I do not want that message to suggest a stifling of differences of opinion among council members. I am quite sure the mayor would resist any such implication.

What I do want, though, is for the council to unite behind a policy decision to ensure consensus and to let those who work in the trenches — and those of us who pay the freight while watching from a distance — that the council is moving forward with a unity of purpose.

The previous council didn’t always project that image. The sense of open dissent perhaps sent a message beyond the city that could be interpreted that Amarillo’s government wasn’t functioning as efficiently as it should.

To the extent that such perceptions turned the city in the “wrong direction,” I’ll accept my friend’s question about the need to turn the city around.

City Hall, though, has functioned well with professional senior staffers who continue to do their job with competence and dedication. I don’t sense that those qualities diminished — even as the city struggled to steady its administrative ship while it sought a new permanent city manager.

A new City Council has taken over. All five of them represent the same at-large citywide constituency. They all earn a whopping $10 per public meeting. They have taken this job on, I am going to presume, because they believe in public service.

I wish them well, good luck and patience as they strive to keep the city moving forward.

Streets becoming major municipal campaign issue

If I could take aim at a single issue for our municipal candidates to ponder, it would our streets.

Getting from Point A to Point B has become a bit of a struggle at times, even in Amarillo, the city I used to joke had its “rush minute” daily at 8 a.m. and again at 5 p.m. It’s not so funny these days.

I am hearing from one of the candidates for City Council speaking in general terms about street maintenance and — in a related matter — traffic control.

Ginger Nelson is running for mayor along with two other candidates. I’ve already commented on her pledge to work with state transportation officials to negotiate a maintenance agreement to improve and maintain the appearance of the public rights-of-way along Interstate 40 and 27. I’m all for it!

She is speaking also about “considering all transit options like buses and bicycles to meet the needs of citizens.” Good deal. She can start that effort by talking to Parks and Recreation officials about how they can complete a citywide bicycle network that is supposed to enable residents to get anywhere in the city on a bicycle.

I have been patient for many years now as I have sought to navigate my way through the city. Streets get repaved regularly. Crews tear up asphalt on major thoroughfares and put fresh surfaces down. They remain in pristine condition far too briefly before patching crews show up.

Nelson wants to spend “street improvement bond money wisely.” I hope she articulates her definition of “wisely.” I’m all ears.
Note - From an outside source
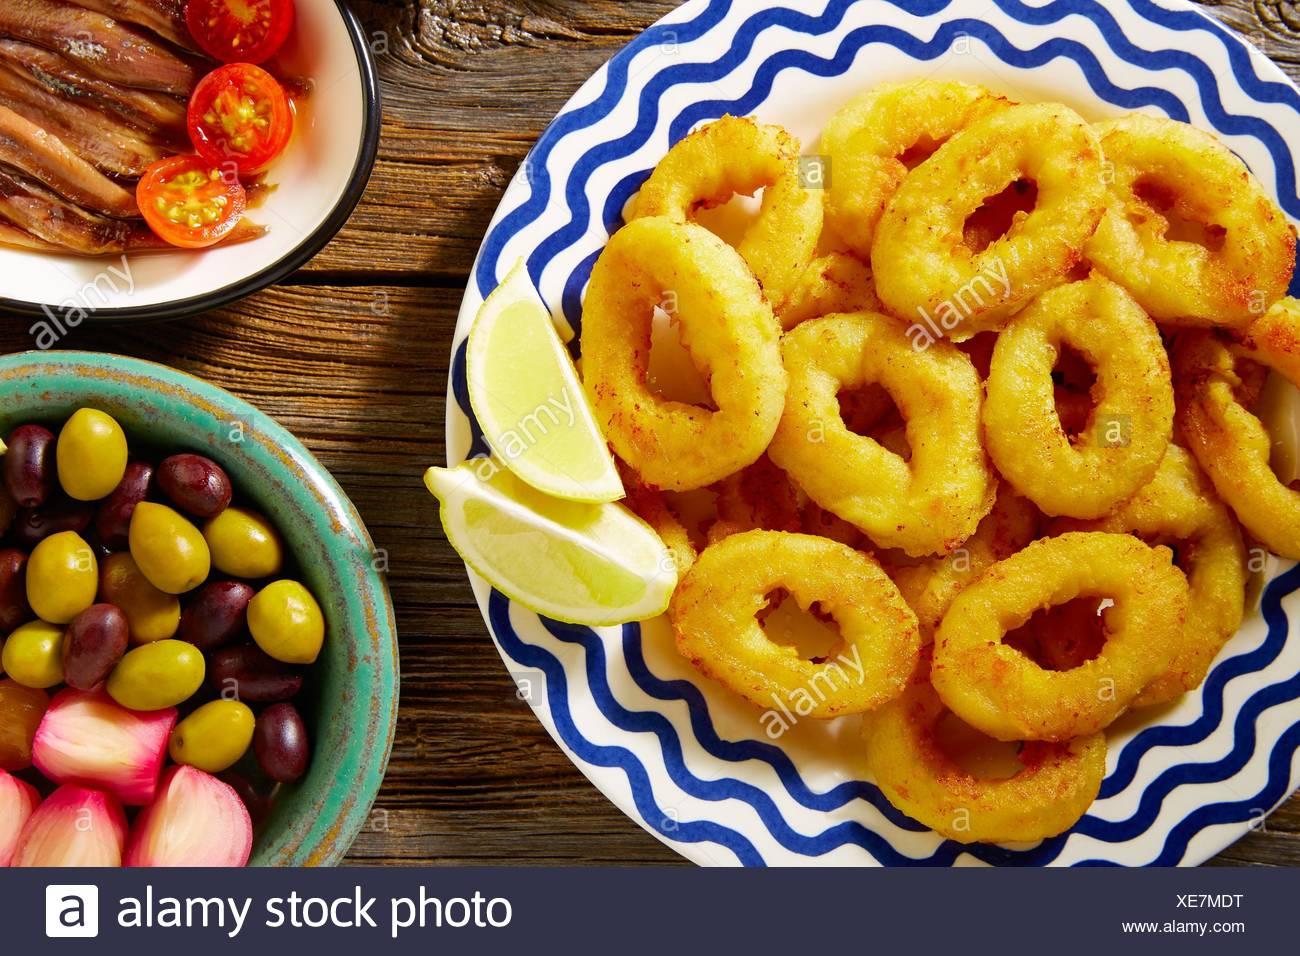 Tapas spanish seafood fried calamari spain. - Stock Image

Finally, she hopes to develop “a plan for long-term maintenance of our streets.”  Good. I’ll await that plan, too.

Street repair and maintenance — along with developing routes for alternative transportation modes — is important at many levels.
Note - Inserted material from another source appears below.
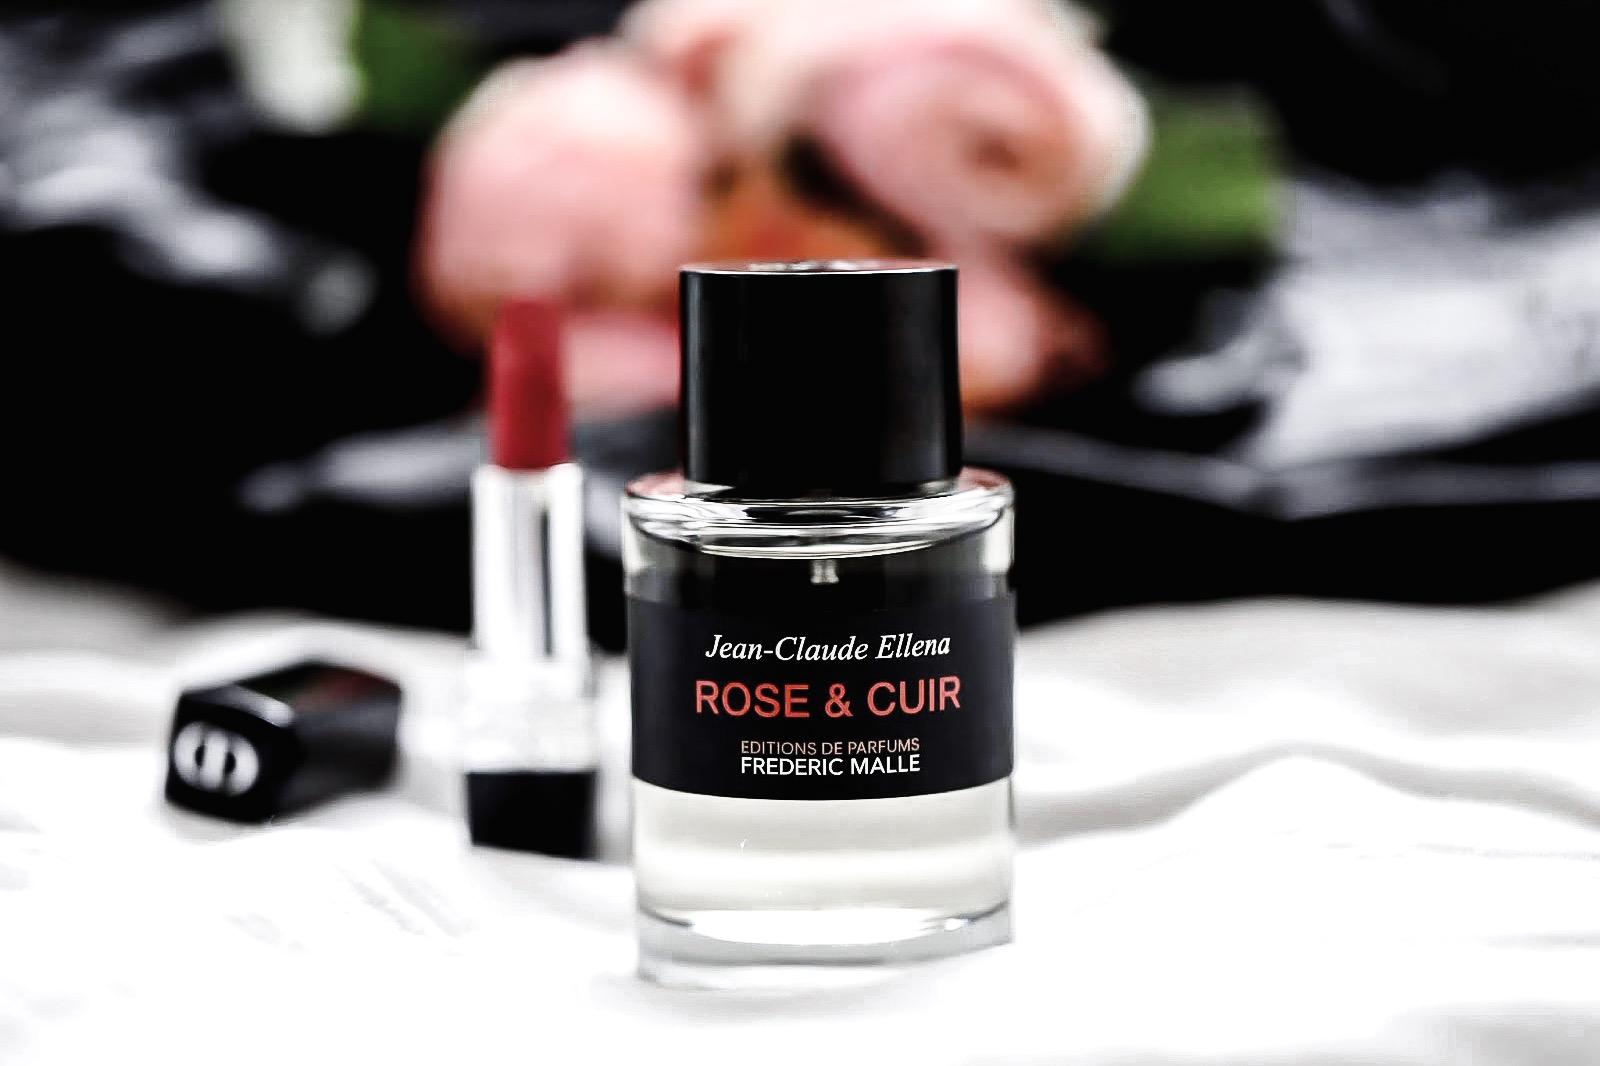 rose-cuir-frederic-malle-jean-claude-ellena-parfum-avis-test-critique

We remain tied to automobiles in Amarillo. There’s little emphasis placed on using mass transit methods, such as the buses run by Amarillo City Transit. Maybe we can get more residents into our buses and out of their own motor vehicles. The fewer cars and pickups tooling down our streets, the less wear and tear on the pavement. Isn’t that a sensible outcome?

This election, I need to stipulate once again, is going to be a major event in the history of Amarillo. We’re getting a new City Council majority.

I want all the candidates to talk openly to residents about what they intend to do about our streets, upon which we depend to get from place to place.

One candidate for mayor at least is starting the conversation. For that I am grateful. Let’s develop it further.